- Location in Ventura County and the state of California
- Santa Rosa Valley, California Location within the state of California
- Coordinates: 34°14′43″N 118°54′08″W﻿ / ﻿34.24528°N 118.90222°W
- Country: United States
- State: California
- County: Ventura

Area
- • Total: 7.214 sq mi (18.684 km^{2})
- • Land: 7.214 sq mi (18.684 km^{2})
- • Water: 0 sq mi (0 km^{2}) 0%
- Elevation: 433 ft (132 m)

Population (2020)
- • Total: 3,312
- • Density: 459.1/sq mi (177.3/km^{2})
- Time zone: UTC-8 (Pacific (PST))
- • Summer (DST): UTC-7 (PDT)
- GNIS feature ID: 2585444

= Santa Rosa Valley, California =

Santa Rosa Valley is a rural unincorporated community, named after the eponymous valley in which it lies, located in Ventura County, California, United States. For statistical purposes, the United States Census Bureau has defined Santa Rosa Valley as a census-designated place (CDP). The census definition of the area may not precisely correspond to local understanding of the area with the same name. The 2020 United States census reported Santa Rosa Valley's population was 3,312. Santa Rosa Valley sits at an elevation of 433 ft.

It lies within Ventura County north of Newbury Park, between Thousand Oaks and Camarillo. Norwegian Grade, which was constructed by the Norwegian Colony, connects Santa Rosa Valley to Thousand Oaks, while it may be reached from Santa Rosa Road in Camarillo.

The Santa Rosa Valley lies right north of the Conejo Valley and along the Arroyo Santa Rosa and Arroyo Conejo. While there has been significant suburban development, much of the area consists of agricultural lands and is home to a variety of wildlife such as bobcats, gray foxes, mule deer, coyotes, and more. The valley is likely the habitat for more than one mountain lion, and lions are relatively frequently observed here. Immediately to the south is the Conejo Canyons Open Space, with trails leading to the Arroyo Conejo Nature Preserve (La Branca) and Hill Canyon, and the community also borders Mount Clef Ridge and Wildwood Regional Park to the south.

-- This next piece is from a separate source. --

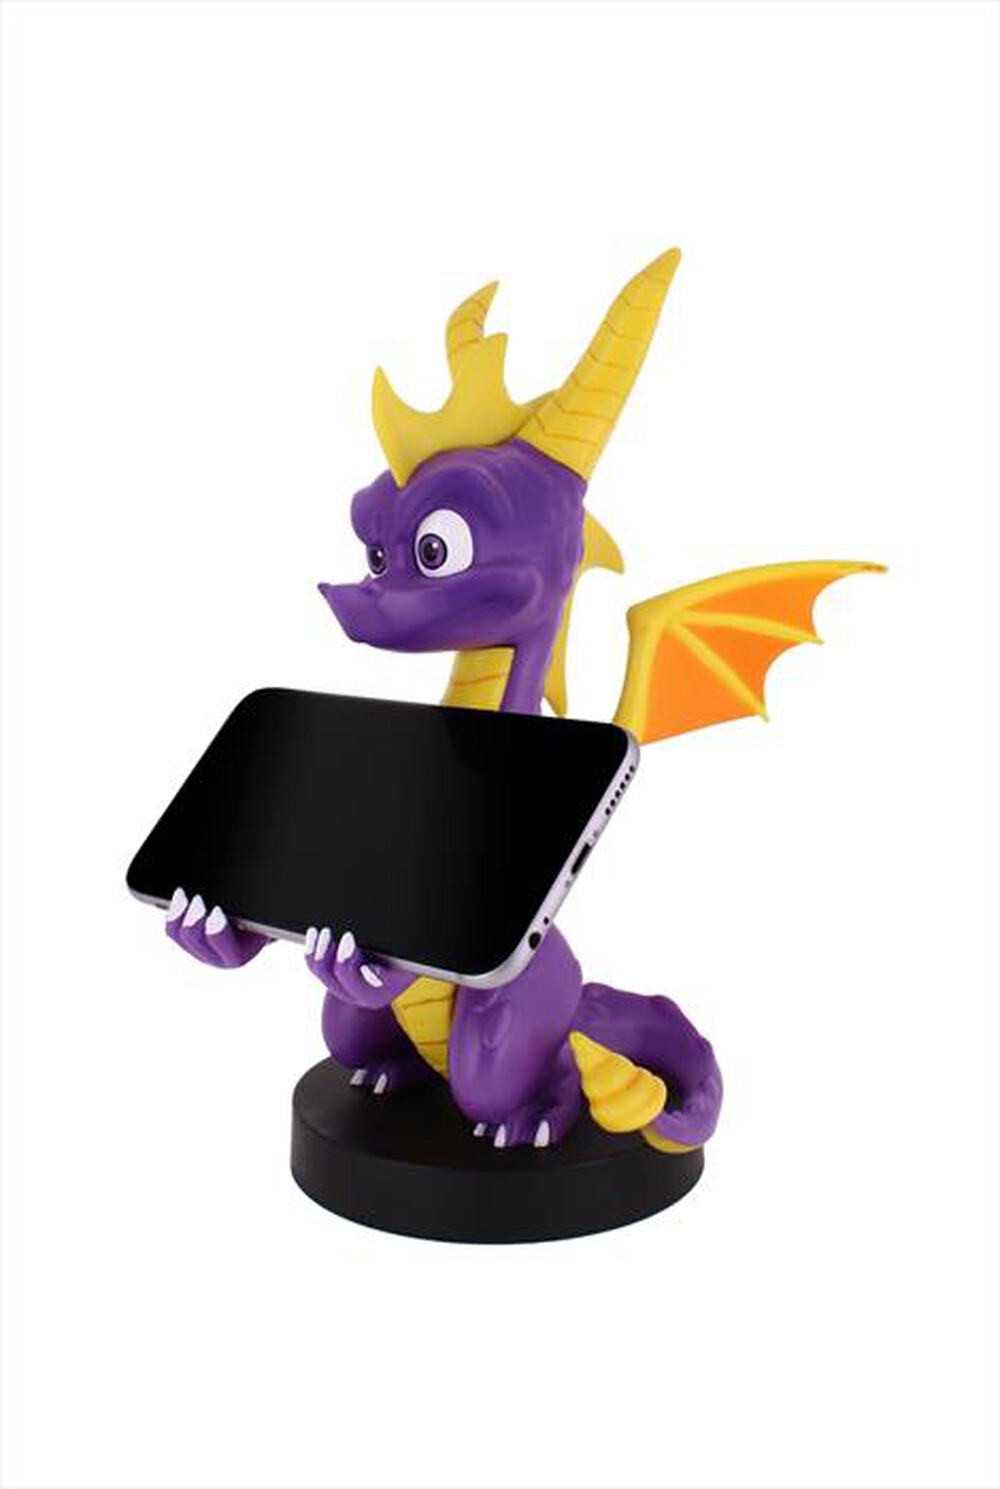 "EXQUISITE GAMING - SPYRO NEW CABLE GUY"

Santa Rosa Valley was home to a Chumash village in pre-colonial times, known as Šumpaši, which was located by Conejo Creek.

==Geography==
According to the United States Census Bureau, the CDP covers an area of 7.2 square miles (18.7 km^{2}), all of it land.

==Demographics==

Santa Rosa Valley first appeared as a census designated place in the 2010 U.S. census.

Historical population
| Census | Pop. | Note | %± |
| 2010 | 3,334 |  | — |
| 2020 | 3,312 |  | −0.7% |
U.S. Decennial Census 1850–1870 1880-1890 1900 1910 1920 1930 1940 1950 1960 1970 1980 1990 2000 2010

===2020 census===

As of the 2020 census, Santa Rosa Valley had a population of 3,312. The population density was 459.1 PD/sqmi. The age distribution was 18.5% under the age of 18, 7.1% aged 18 to 24, 16.1% aged 25 to 44, 33.1% aged 45 to 64, and 25.2% aged 65 or older. The median age was 52.1 years. For every 100 females, there were 99.0 males, and for every 100 females age 18 and over there were 95.6 males age 18 and over.

Of residents, 83.3% lived in urban areas and 16.7% lived in rural areas.

The whole population lived in households. There were 1,120 households, of which 27.1% had children under the age of 18 living in them. Of all households, 73.0% were married-couple households, 2.5% were cohabiting couple households, 11.0% were households with a male householder and no spouse or partner present, and 13.5% were households with a female householder and no spouse or partner present. About 12.2% of households were made up of individuals and 7.7% had someone living alone who was 65 years of age or older. The average household size was 2.96. There were 933 families (83.3% of all households).

There were 1,168 housing units at an average density of 161.9 /mi2, of which 1,120 (95.9%) were occupied. Of these, 91.9% were owner-occupied and 8.1% were occupied by renters. Of all housing units, 4.1% were vacant. The homeowner vacancy rate was 0.6% and the rental vacancy rate was 0.0%.

Racial composition as of the 2020 census
| Race | Number | Percent |
|---|---|---|
| White | 2,548 | 76.9% |
| Black or African American | 21 | 0.6% |
| American Indian and Alaska Native | 10 | 0.3% |
| Asian | 205 | 6.2% |
| Native Hawaiian and Other Pacific Islander | 5 | 0.2% |
| Some other race | 134 | 4.0% |
| Two or more races | 389 | 11.7% |
| Hispanic or Latino (of any race) | 397 | 12.0% |

==Education==
Almost all of it is in the Pleasant Valley Elementary School District and the Oxnard Union High School District, while a small portion is in the Moorpark Unified School District.